[Opening Stored data section]
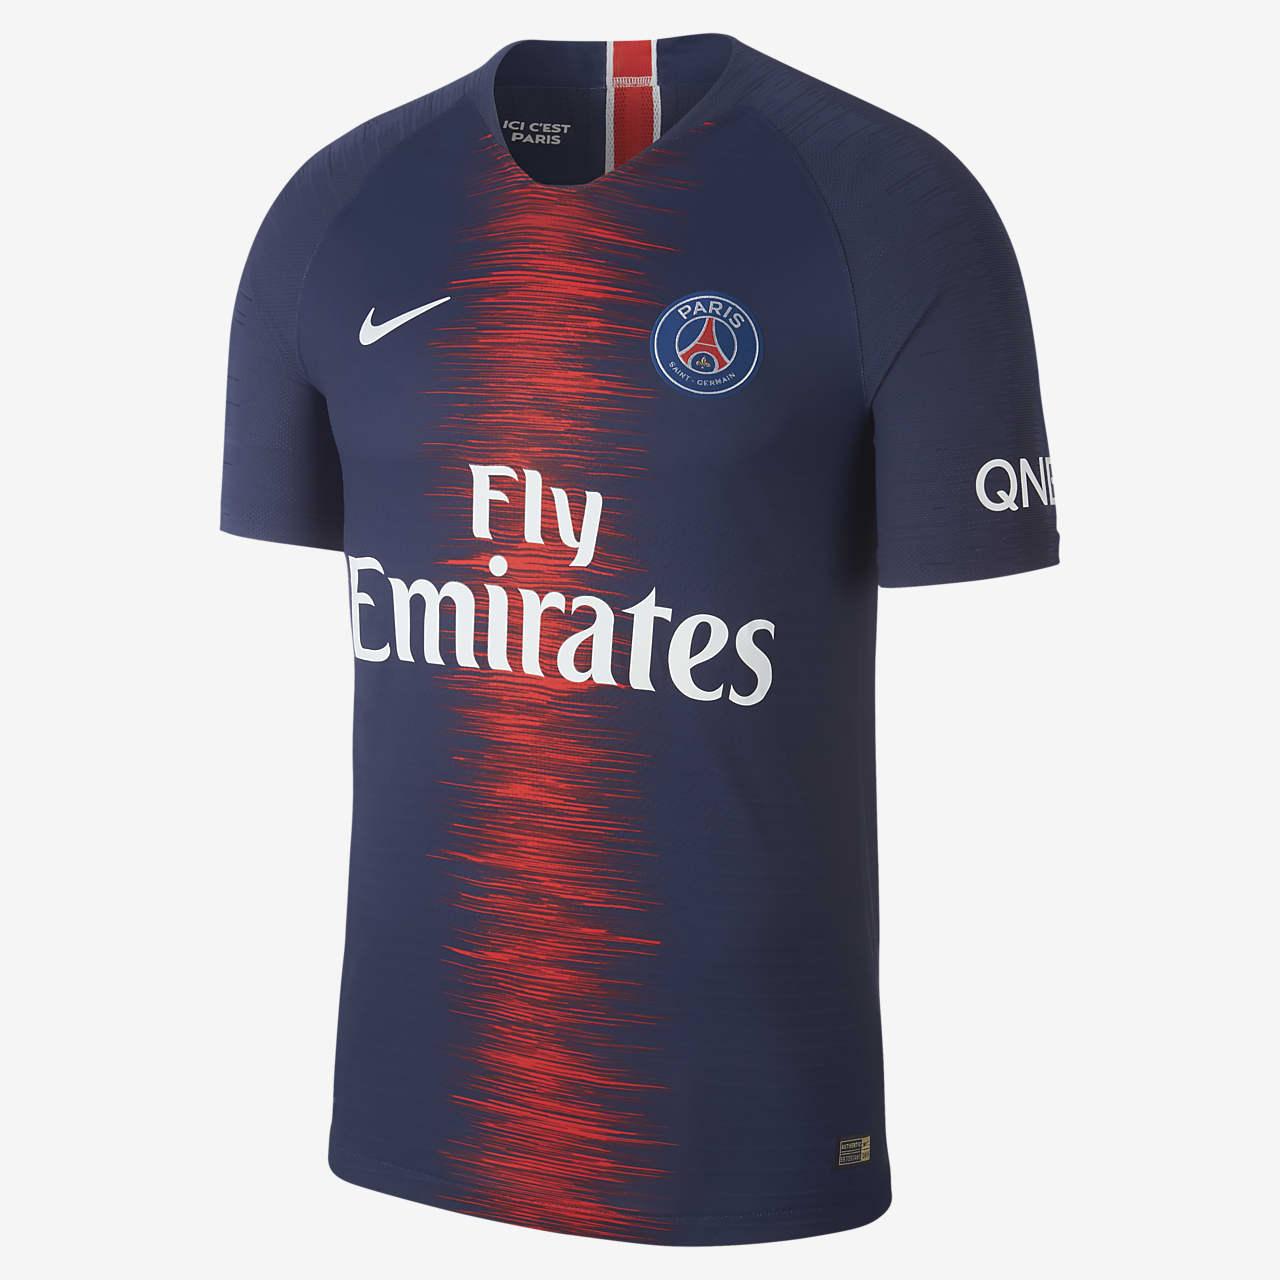 Camiseta de fútbol para hombre de local Vapor Match del Paris Saint-Germain 2018/19
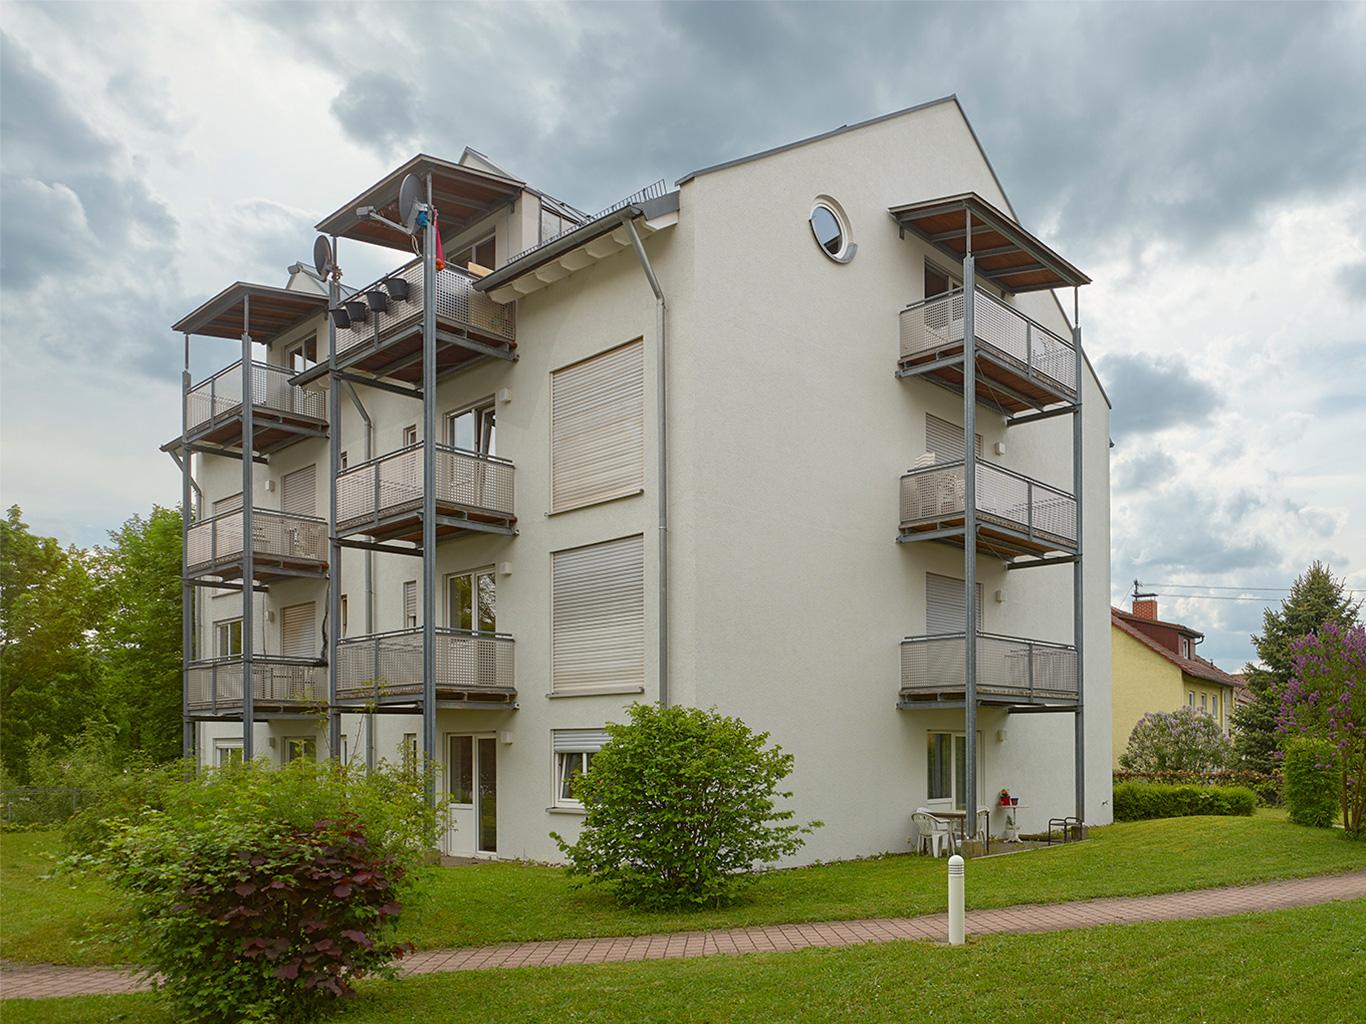 A_Auáenansicht_Haus-34-2
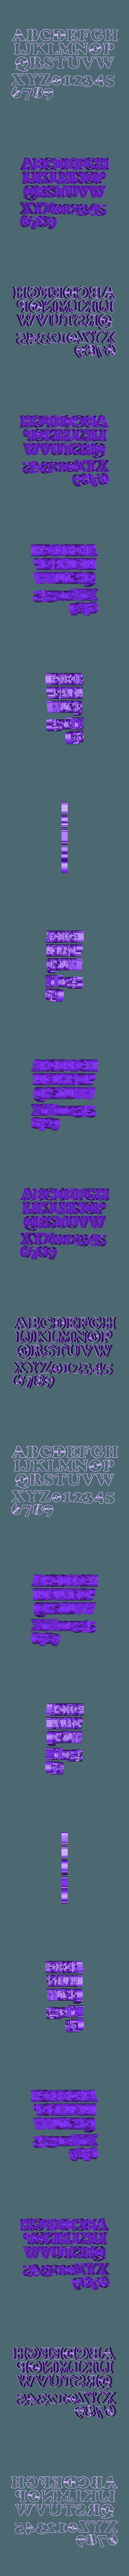 abc cooper 2cm.stl Download free STL file ABC + NUM 2CM Cooper Cookie cutter • 3D printable design, CutterLabs
[Closing Stored data section]
* [Work to complete]: What you return must match the material above exactly, minus its pictures.

* [Result below]:
 Camiseta de fútbol para hombre de local Vapor Match del Paris Saint-Germain 2018/19
 A_Auáenansicht_Haus-34-2
 abc cooper 2cm.stl Download free STL file ABC + NUM 2CM Cooper Cookie cutter • 3D printable design, CutterLabs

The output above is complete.